I paused, taking in the way Adam’s lids had shuttered, his mouth a white seam in his tanned face.

“Can you do that?” I asked softly. “Can you be my friend? Or is it too hard to teach an old dog new tricks?”

His eyes flashed as I’d intended them to, and he automatically said, “Thirty-eight is not old.”

I grinned at him in reply, and he shook his head at me, his mouth softening.

“Why do I have the feeling agreeing to be friends with you is infinitely more dangerous than agreeing to our fake relationship?” he asked warily.

My smile widened. “I can be a lot.”

He surprised me then by lifting our conjoined hands to his lips, brushing them against my knuckles.

“That’s exactly what I’m worried about,” he murmured, not unkindly.

Something in my chest clenched and refused to loosen.

“Just promise me one thing,” he said, dropping our hands back to the table and untwining our fingers. He leaned back to cross his arms, leaving my hands curled like dead bugs on the tablecloth.

“What?”

“Promise me, no matter what happens, you won’t fall in love with me.”

I laughed lightly, but swallowed it down when Adam only leveled me with a cool, somber gaze.

“I mean it,” he pressed. “Acting is my passion and my profession. It will seem very often as if I love you and am the type of bloke worthy of your love in return. That allusion is a lie, Linnea. I won’t ever love again, do you understand?”

My gut soured at his sincerity. How could a man who stressed how young he was not understand how deeply wrong it was to close himself off to love for the rest of his life?

“I have no intentions of falling in love with you, Adam,” I said after taking a moment to collect myself.

It was the truth, too. I was currently in danger of losing my heart to an entirely different man with golden eyes and a pure heart of gold.

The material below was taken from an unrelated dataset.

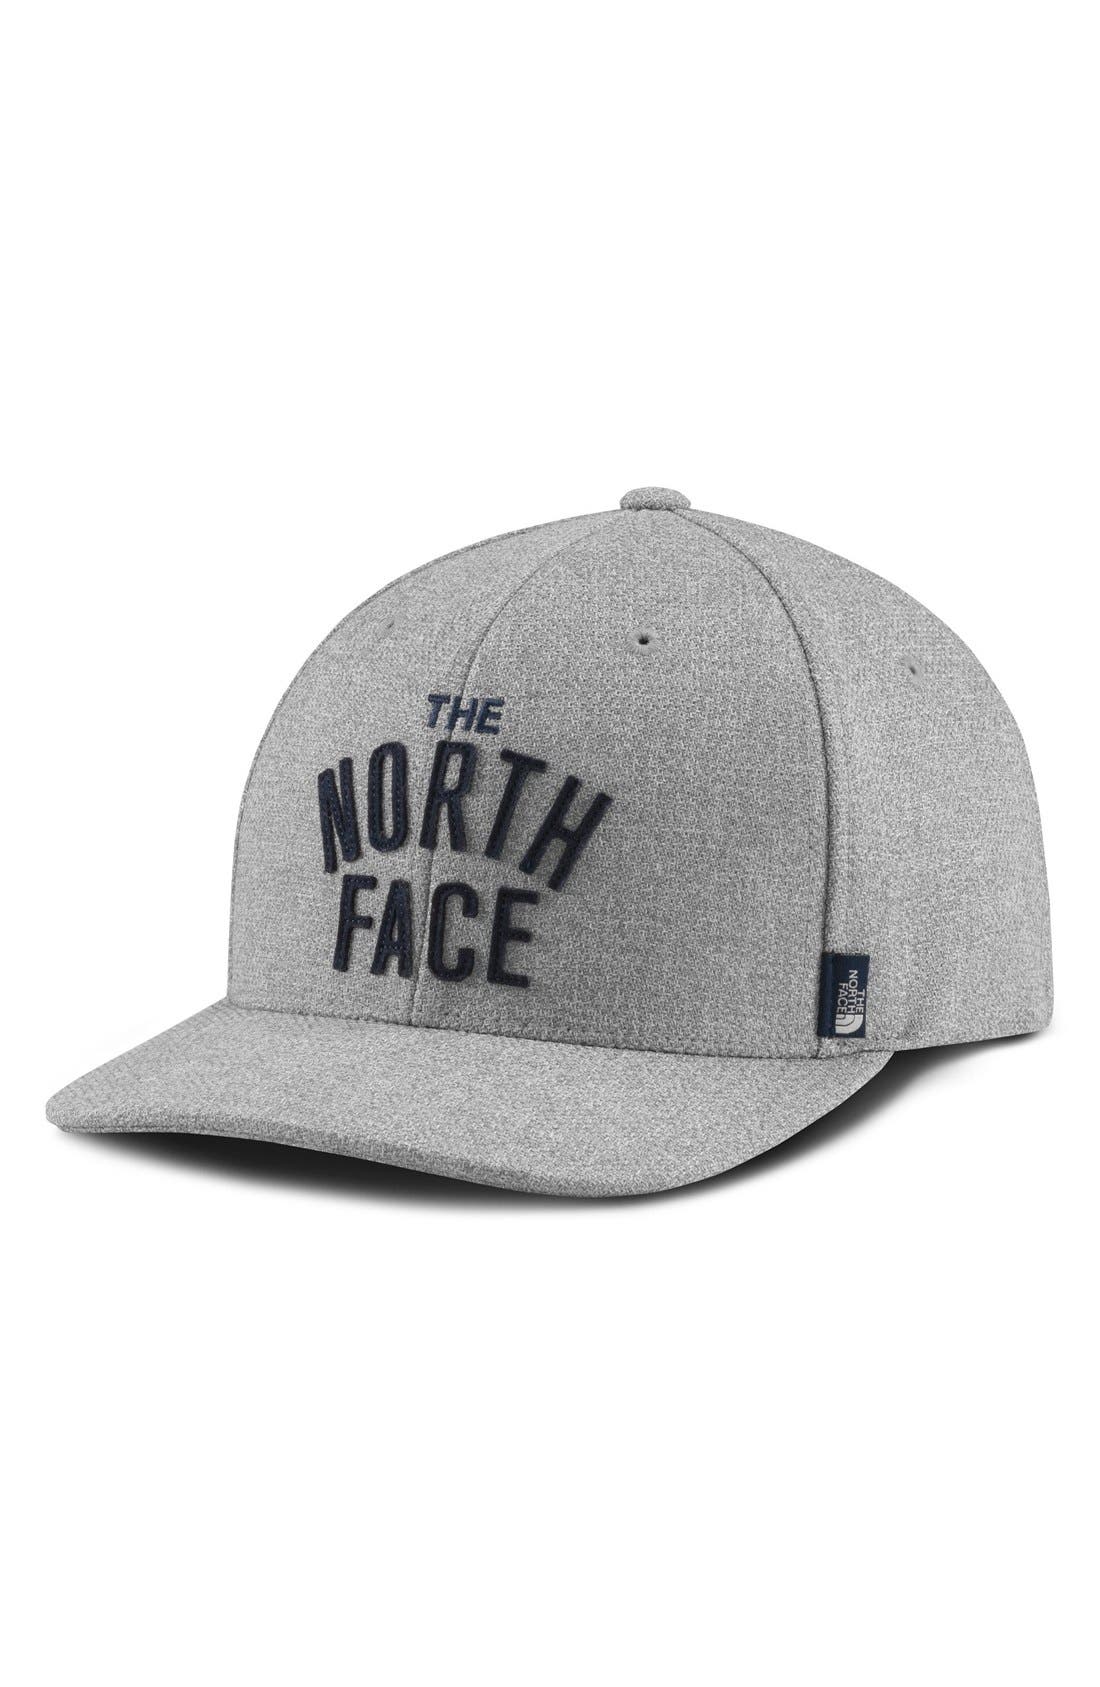 north face flexfit 110 hat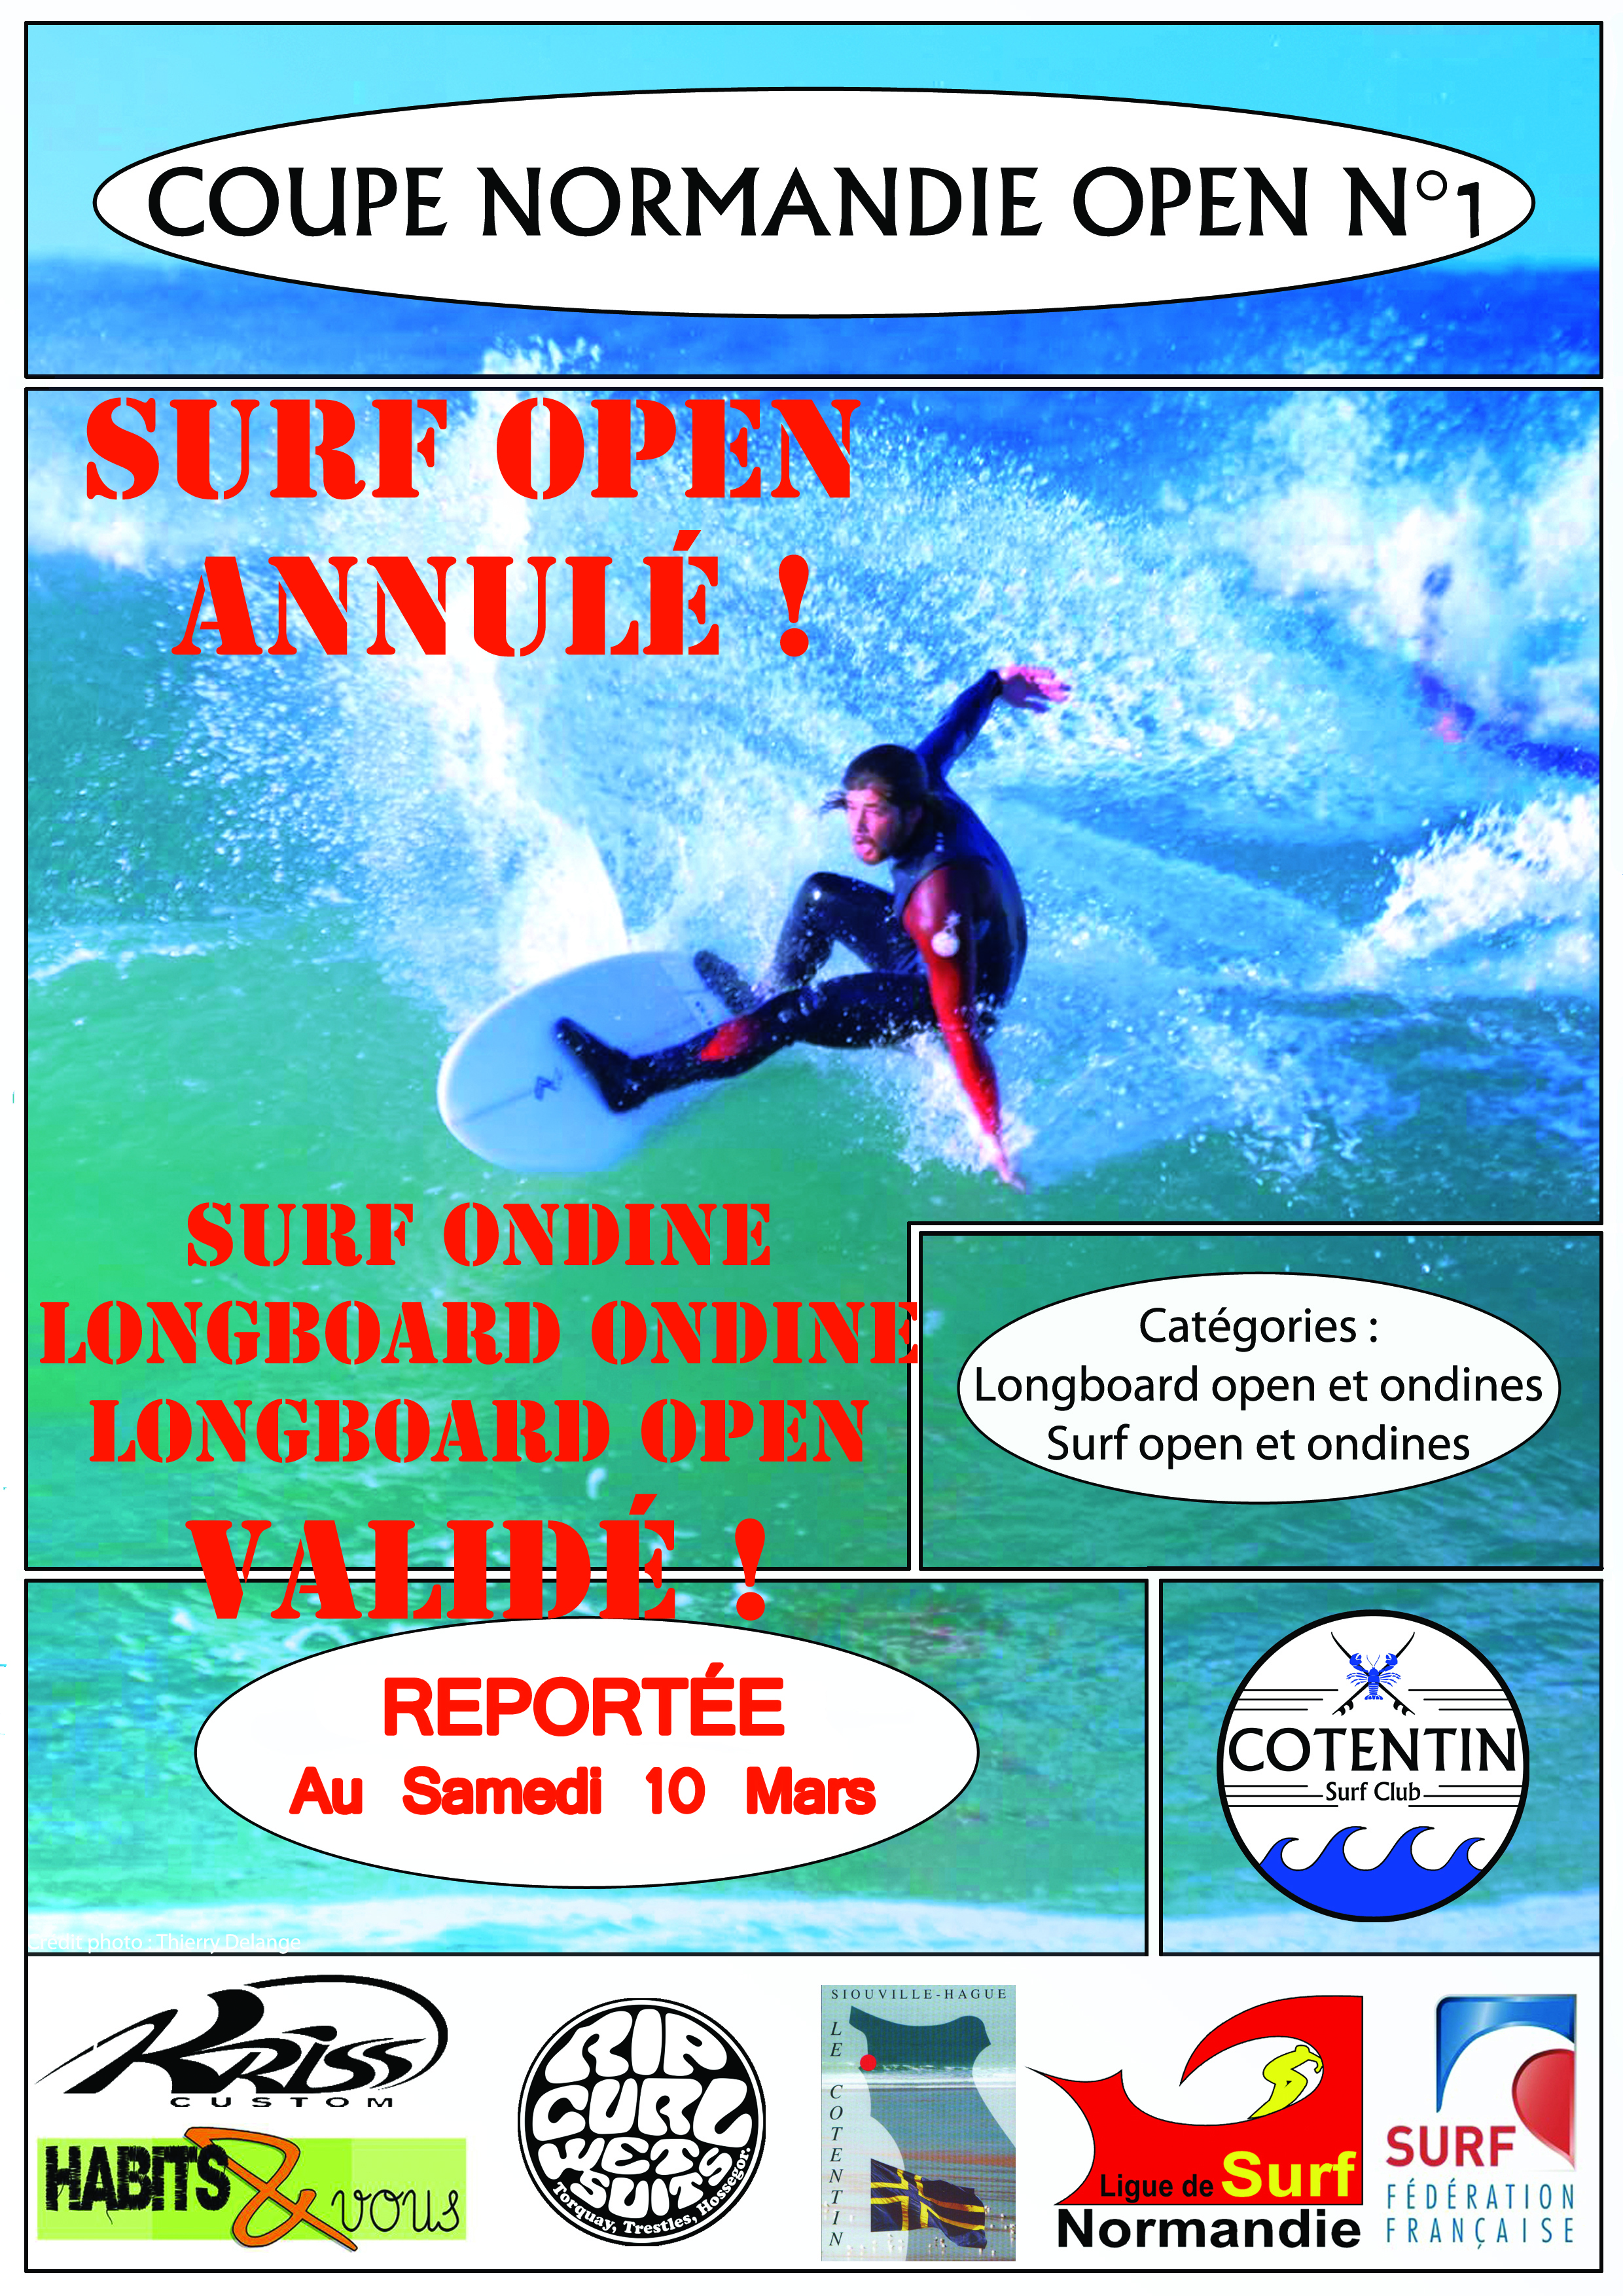 Coupe Normandie N°1 catégorie SURF OPEN ANNULÉ

I might be moved by Adam’s blatant sensuality and authority and intrigued by his broken, brooding nature, but there was no way I would ever get seriously involved in a very fake relationship.

I wasn’t an idiot.

“I know you probably aren’t used to hearing this, given you’re famous and fairly good-looking,” I continued with a wave of my hand as if those traits were meaningless. “But you are not actually irresistible.” At his look of wary surprise, I grinned. “Besides, I’m not into old men.”

“Thirty-eight is not old ,” he snapped.

When our picture appeared on the most popular gossip website, The Backlot, the following morning, it captured the moment that followed and my head thrown back in belly-deep laughter.